Fui straziato in giovane età dalla poesia di Edgar Lee Masters che racconta le ultime ore del bambino Johnnie Sayre. Fui maciullato nell’anima come la carne viva della sua gamba, presa insieme alla vita da “the remorseless wheel of the engine”, “la ruota senza rimorso della locomotiva”. Il rimorso è il tema centrale della composizione. Io, figlio per nulla disobbediente per mancanza di occasioni, di relazione, di semplici parole scambiate, mi riconoscevo in quell’altro che si rivolge al padre timoroso di non ottenere il suo perdono, prima della morte, imprevista come un gioco notturno.
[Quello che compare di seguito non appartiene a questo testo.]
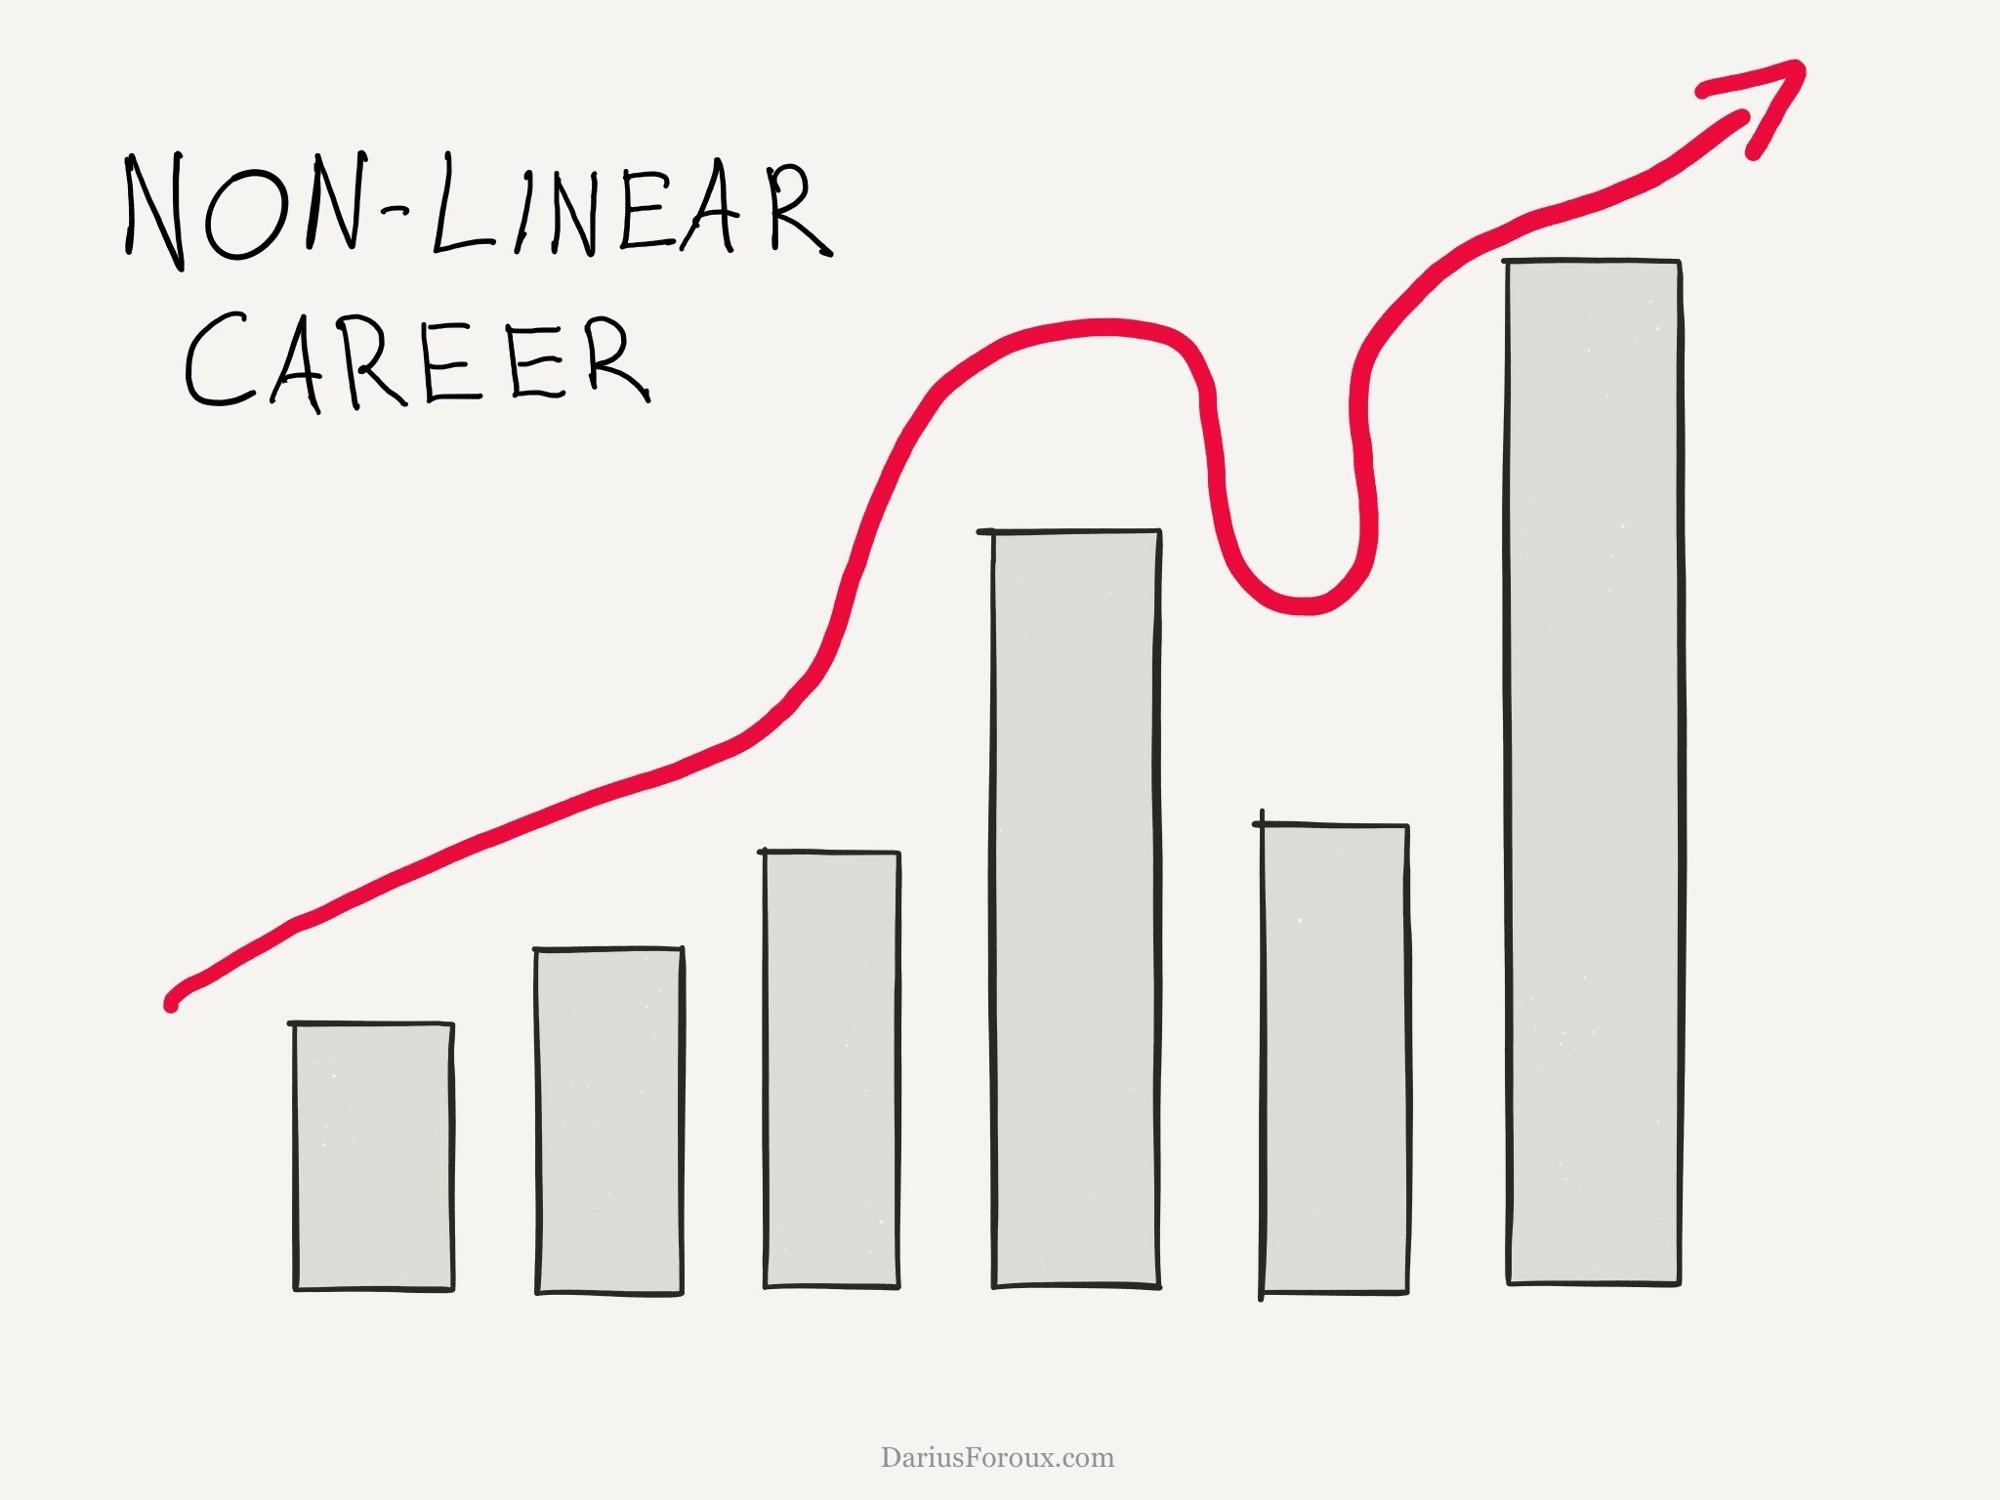 The non-linear career
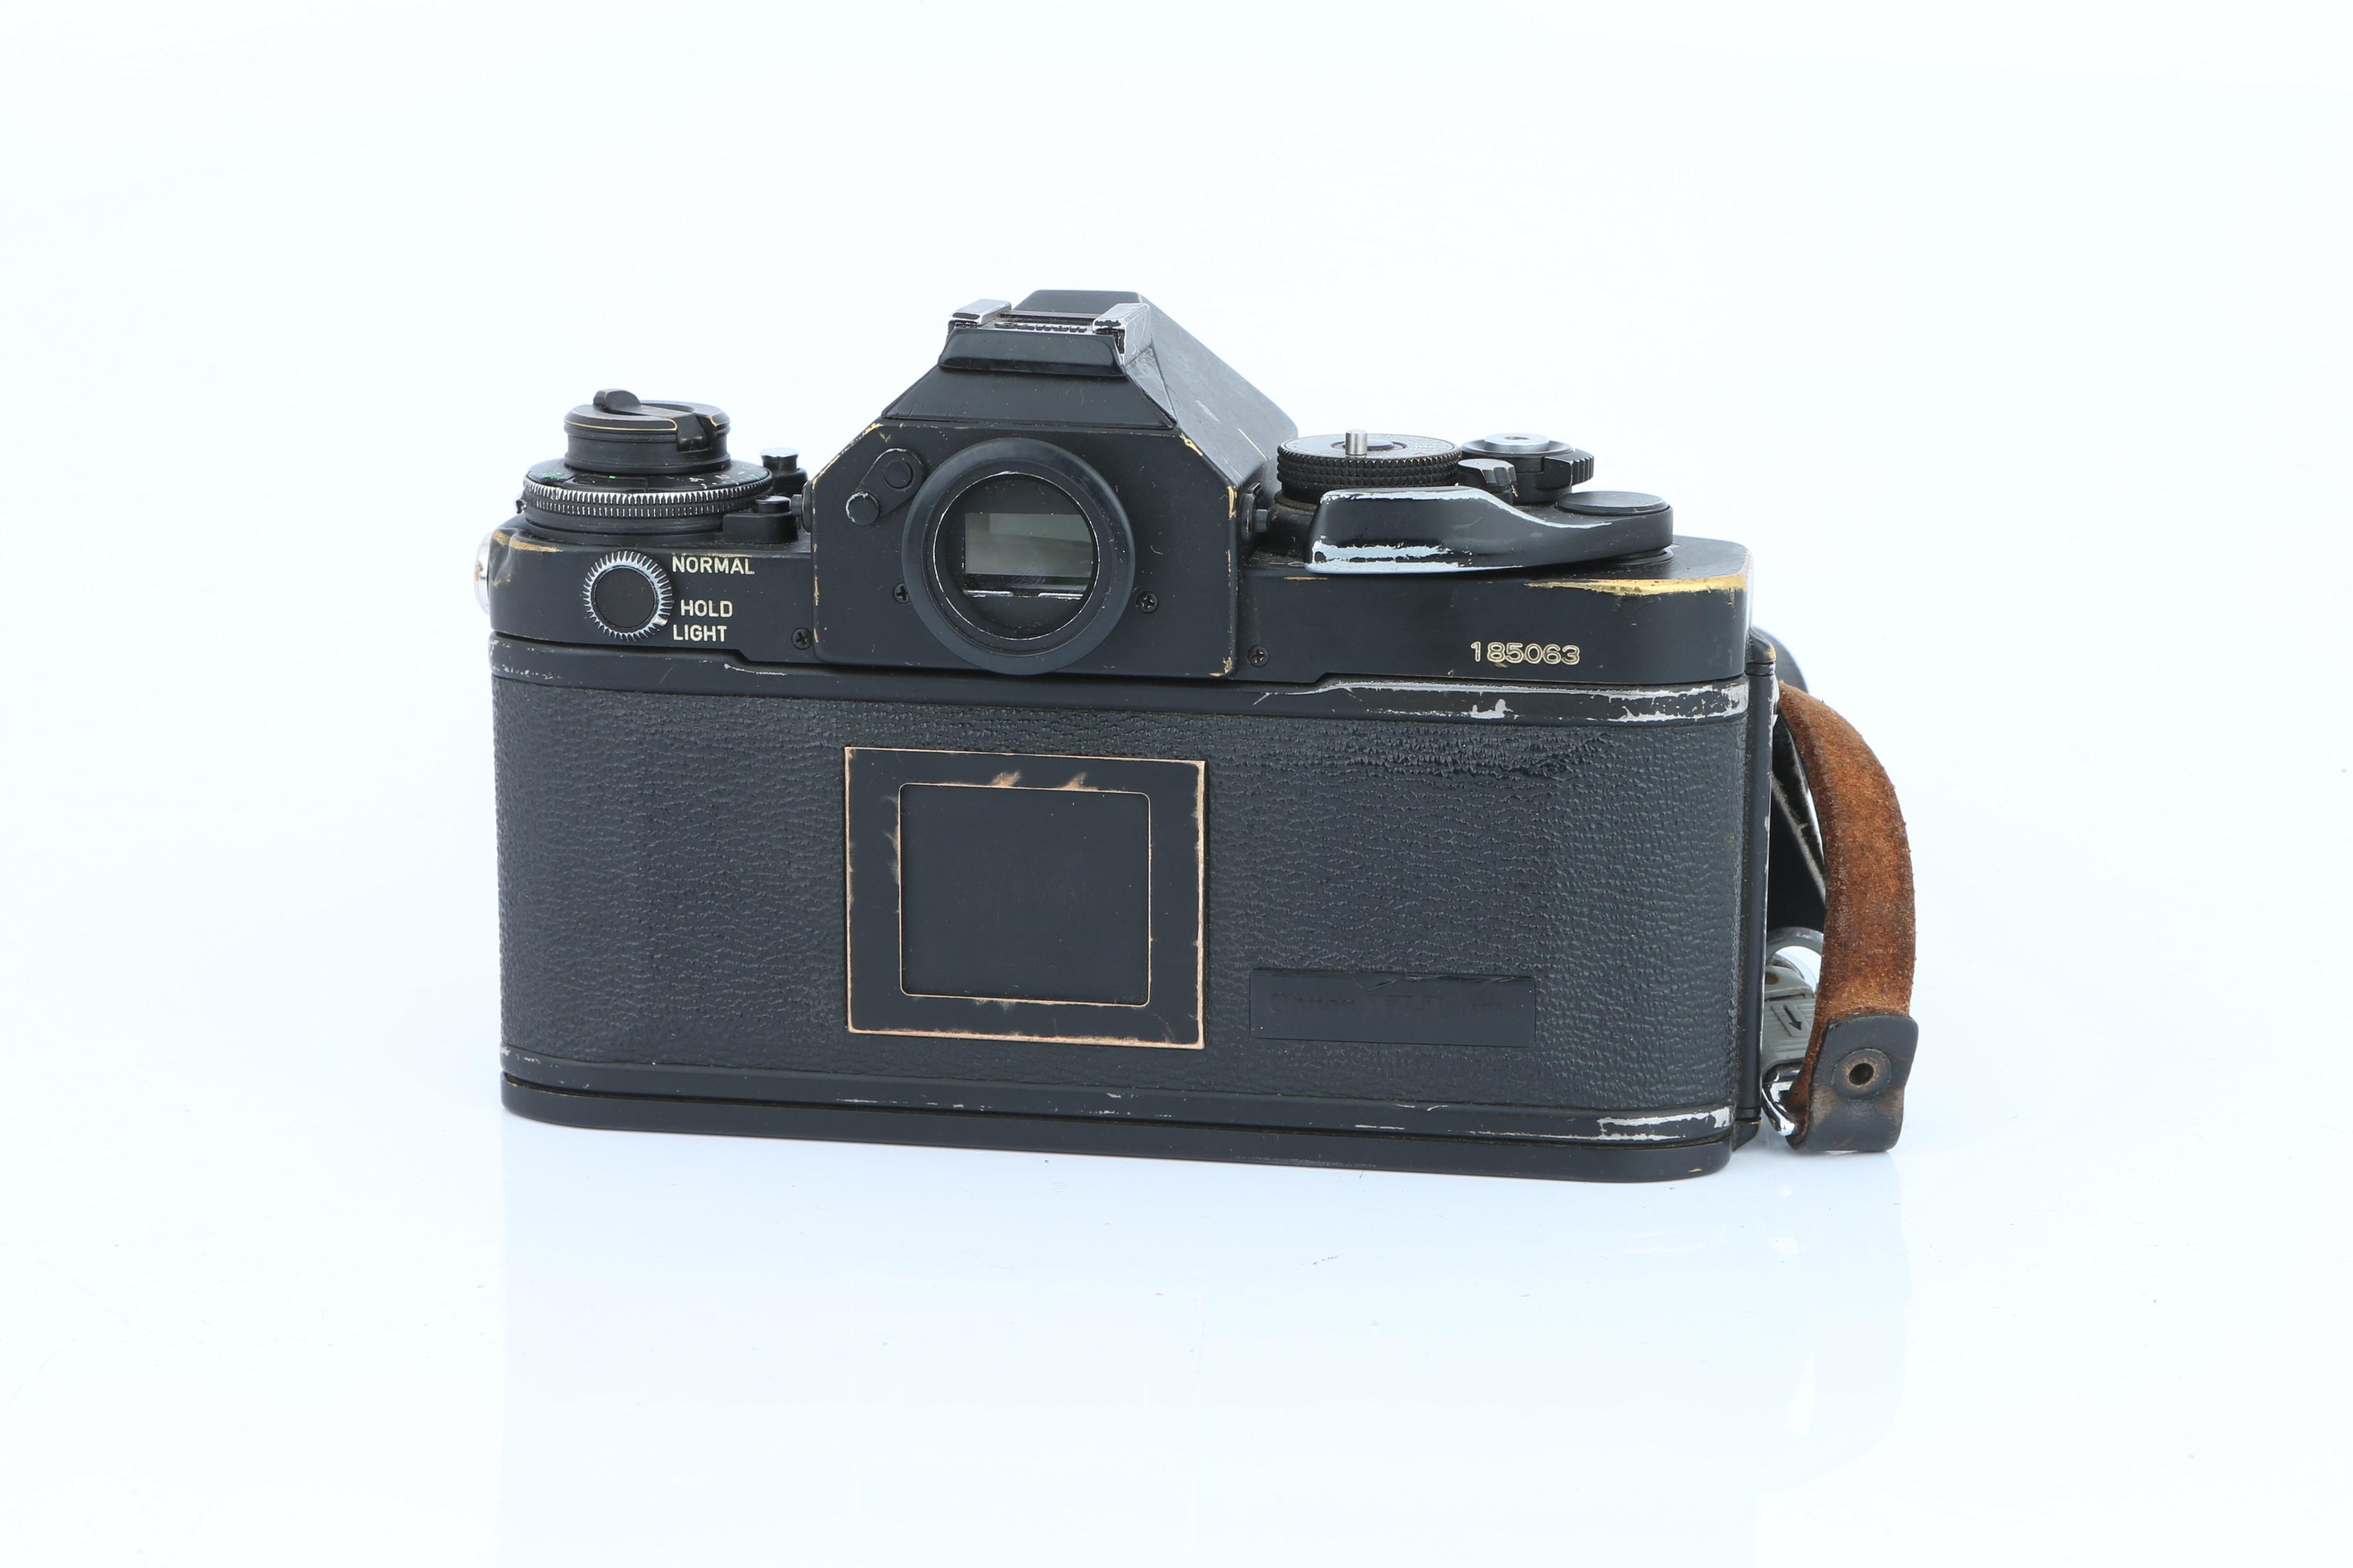 A Canon F-1 New SLR Camera, - Image 2 of 3

Se penso a poeti padri mi prende subito una sensazione di perdita, a cui si può rimediare semmai con rigide prescrizioni: Carducci e il figlioletto Dante, rievocato in “Pianto Antico”, il lieve Saba che terribilmente, se si pensa a ciò che accadrà per la sua gente, paragona la sua bambina “a quella scia/ch’esce azzurra dai tetti e il vento sperde”, i consigli di Hikmet e la precettistica morale di Kipling.

Vorrei invece in questa sede parlare di poesia a partire da una madre e dai rapporti stabiliti in un ampio arco di tempo con i suoi due giovani figli. La madre, poeta sensibile e raffinata, è Raffaela Fazio e la raccolta di poesie in cui si srotola sino all’oggi il filo di versi amorevoli e preoccupati, ma anche forti e consapevoli, è “Un’ossatura per il volo”, titolo di pe sé assai forte, su cui mi soffermerò più tardi. La prima impressione  è che un padre colga in fondo l’attimo, l’intervallo; la madre la persistenza e l’evoluzione.

Raffaela Fazio ha deciso di ripubblicare poesie già presenti in altre opere proprio per dare ragione del rapporto costante avuto con Juliette e David, ma anche del mistero prezioso che nel corso degli anni  distingue e stacca la creazione da ciò che si è creato, nella crescita di consapevolezza rispetto all’individualità e alla libertà dell’altro, anche se ci è carnalmente affine. L’ultima parte del libro è una piccola collezione di inediti, “Birdwatching”, come se ormai il distacco dal nido si fosse compiuto e l’osservazione del volo nella vita prevedesse una postazione prevista  e uno sguardo binoculare, anche se non impermeabile a fremiti di emozione.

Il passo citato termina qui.